SOM analysis for seismic interpretation

SOM analysis for seismic interpretation

UNN technology is unique in that it can be used to identify seismic anomalies through the use of multiple seismic attributes. Supervised neural networks operate on data that has been classified so the answer is known in specific locations, providing reference points for calibration purposes. With seismic data, a portion of a seismic survey at each logged well is known. UNN however, do not require the answer to be ‘known’ in advance and therefore are unbiased. Through the identification of these anomalies, the presence of hydrocarbons may be revealed. This new disruptive technology has the potential to lower the risk and time associated with finding hydrocarbons and increases the accuracy of estimating reserves.

The company decided to build new components separately, then, with loosely coupled interfaces, add back the legacy components as services.
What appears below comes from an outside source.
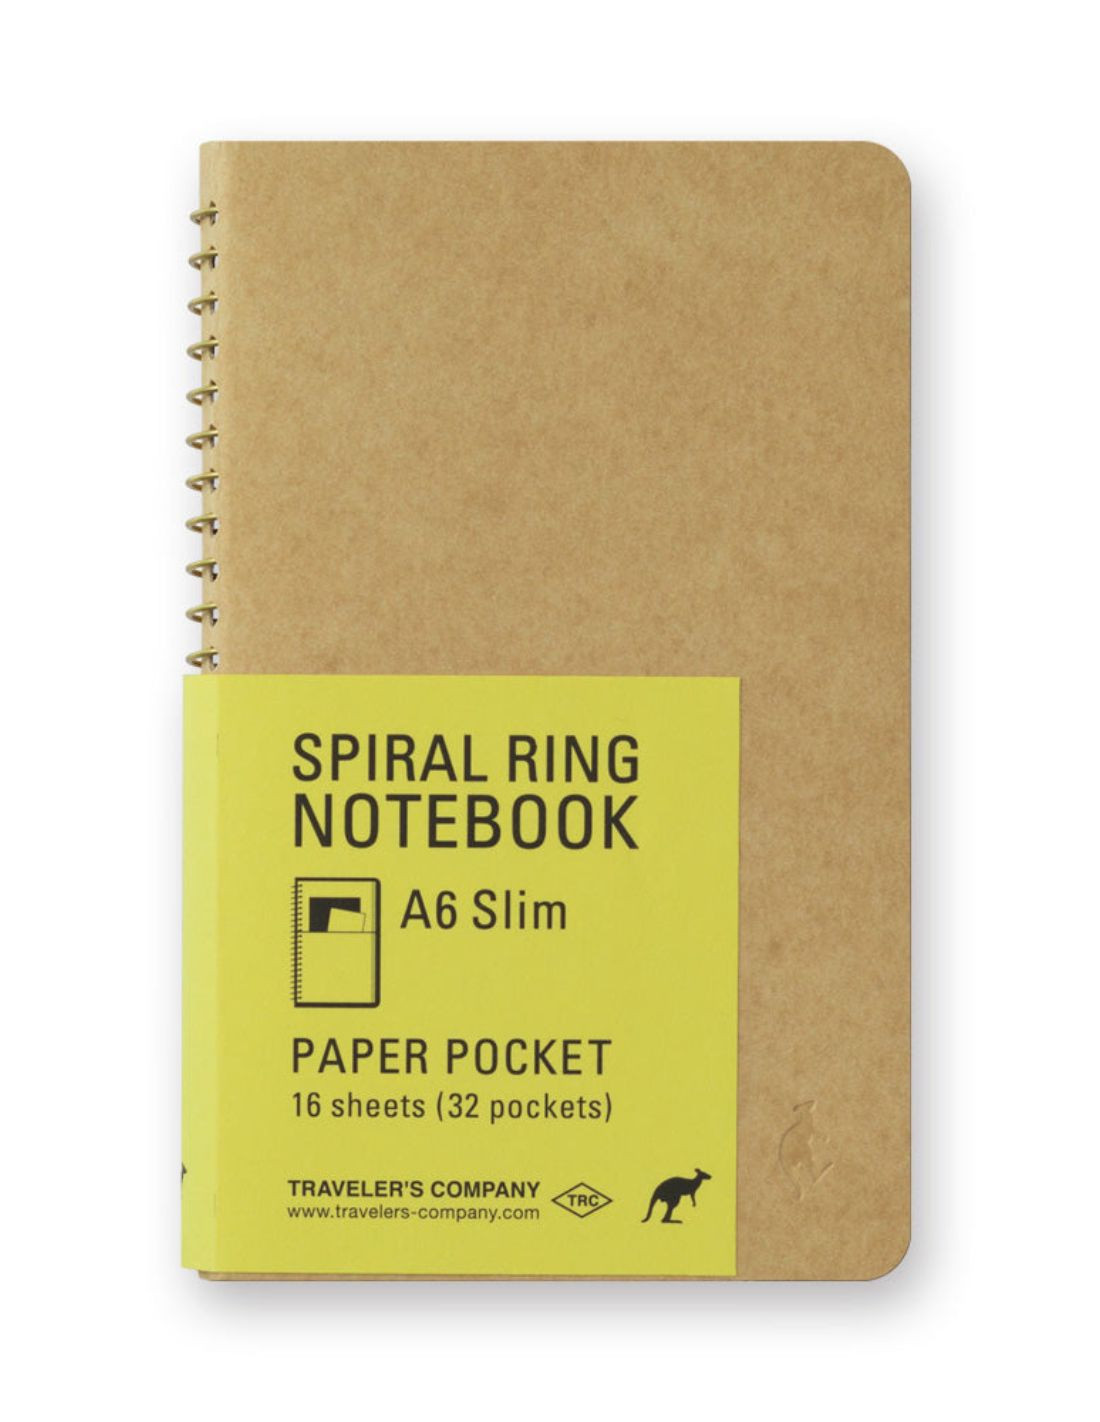 A6 Slim Paper Pocket - Spiral Ring Notebook - Traveler's Company

In its efforts to build a new application for the neural network analysis of seismic data, Geophysical Insights struggled to find a suitable platform that met the goals of modularity, adaptability, price, and performance. While in the process of building new technologies to dramatically change seismic interpretation workflow, an opportunity arose for a new approach in advancing automation, data management, interpretation and collaboration using a modular scientific research platform with an accessible programming interface.
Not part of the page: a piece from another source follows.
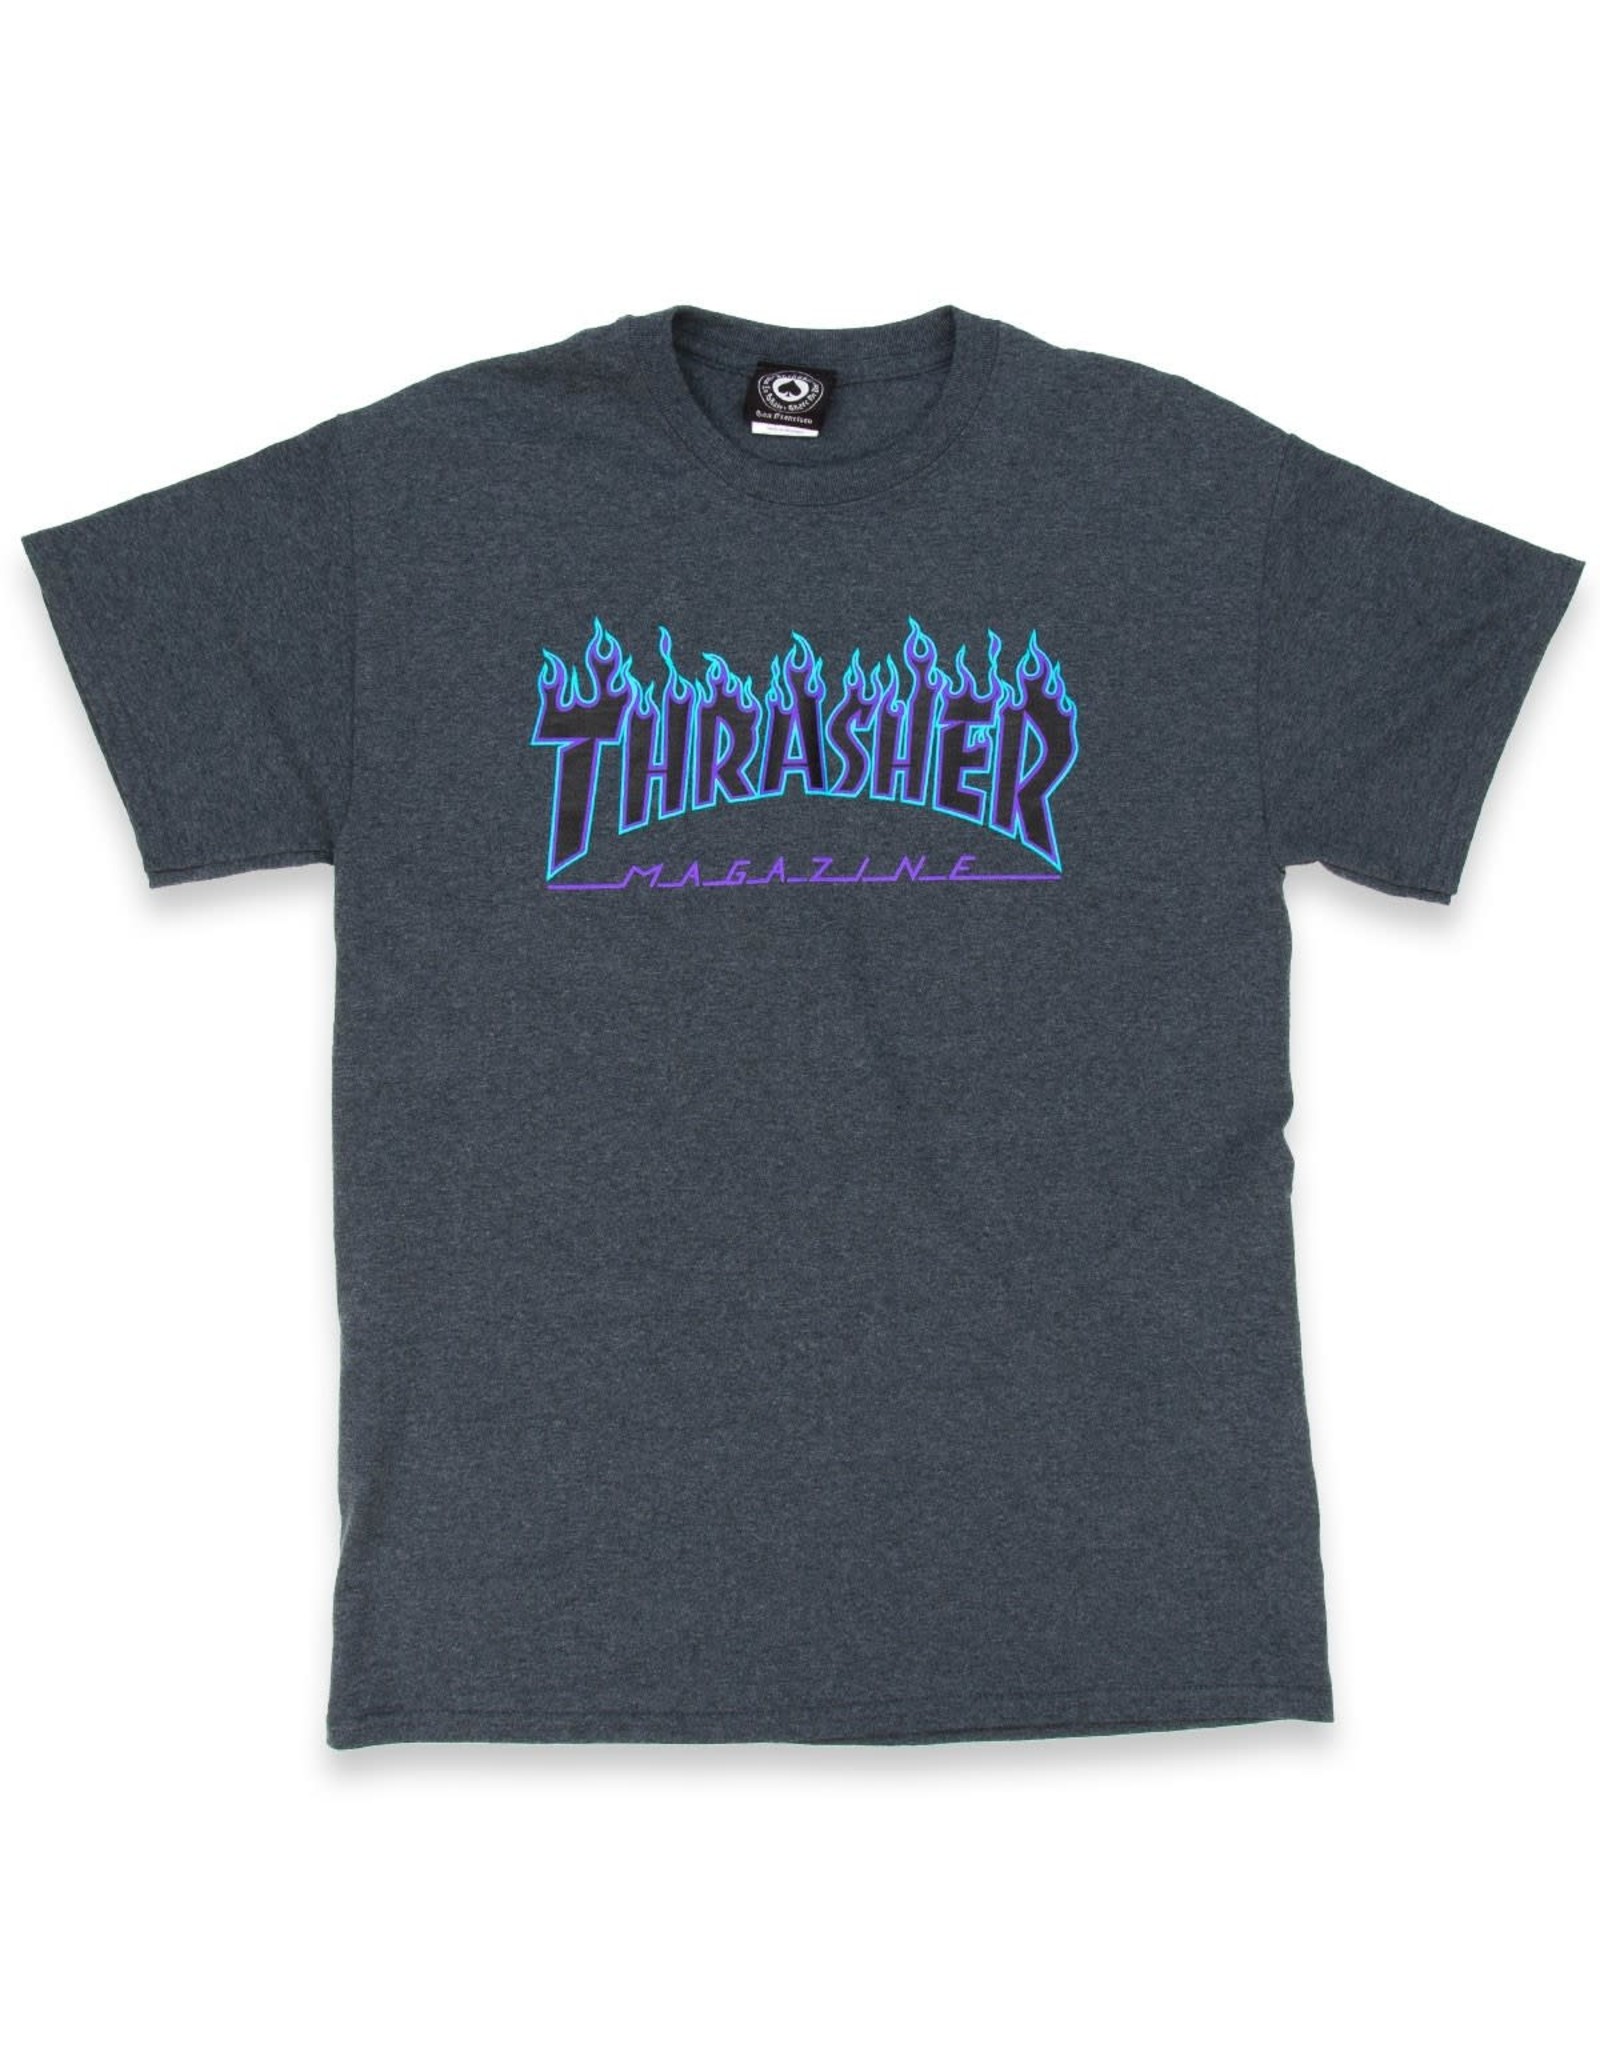 Thrasher Thrasher Tee Mens Flame Logo S/S (Dark Heather)

Seismic interpretation workflow with Paradise

Figure 2. A software framework for hosting oil and gas software applications

With this new technology concept underway, an infrastructure was needed to support a core technology and make that infrastructure available for others. To deploy their own core technology, they would potentially need databases, schemas, data integration tools, data loaders, visualization tools, licensing, installers, hard copy, and much more. While not everyone would need the numerous lower level components, they would find that there is more work to be done on the supporting infrastructure than on the core technology itself. Without a platform, each vendor would have to undergo the long process of gathering requirements, developing, testing, and evaluating numerous frameworks, all for something that is not their core product. This is not only a major distraction from developing the core technology, but also an expensive endeavor that most are not ready to make, and in some cases perhaps a deal breaker for the project. The company decided to move forward, developing a platform for itself that would be useful for others. The basic concepts around the chosen architecture are depicted in Figure 2. The goal was to build an affordable, yet powerful platform that could be used by small and large organizations alike, for building and testing new software technologies and shortening the time between design and deployment of new components. Developing a platform separate from the core component meant that it was possible to overlap the development activities for the core component and platform. This minimized the impact that changes in the platform had on the science component and vice versa, thus reducing delivery time. Similar platforms already existed but due to their price, these were out of reach for many smaller vendors and potential end users. Any vendor wanting to promote a simple tool integrated on pricey platforms would find a limited audience based on who could afford the overall platform. End users would probably pay for extra but perhaps unused features. One of the company’s goals was for a modular, affordable overall platform. A vendor of a new component can choose to license portions of the Geophysical Insights’ platform as needed. A good software design practice is to include end users early in the process, making them part of the team. One thing that they made clear was their sensitivity to price, particularly maintenance costs.

The new generations are more accustomed to working with social collaboration and mobility tools. No longer can a scientist bury himself behind a pile of literature in a dark office to formulate a solution. With the changing demographics of geoscientists entering the workforce and declining research funds, the lag time between drawing a solution on the white board and when it can be visualized remotely across many workstations must be reduced. These are some of the challenges this platform tackles.

Design and architecture are all about trade-offs. One of the earliest decision points was the fundamental question of whether to go with open source or proprietary technology. This decision had to be made at various levels of the architecture, starting with the operating system, i.e. Linux versus Microsoft or both. Arguments abound regarding the pros and cons of open source technologies such as security, licensing, accountability, etc. In the end, although it was felt that Linux dominated server applications, when looking at the potential users, the majority would be using some version of Windows OS. This one early decision shaped much of the future direction, such as programming languages and development tools.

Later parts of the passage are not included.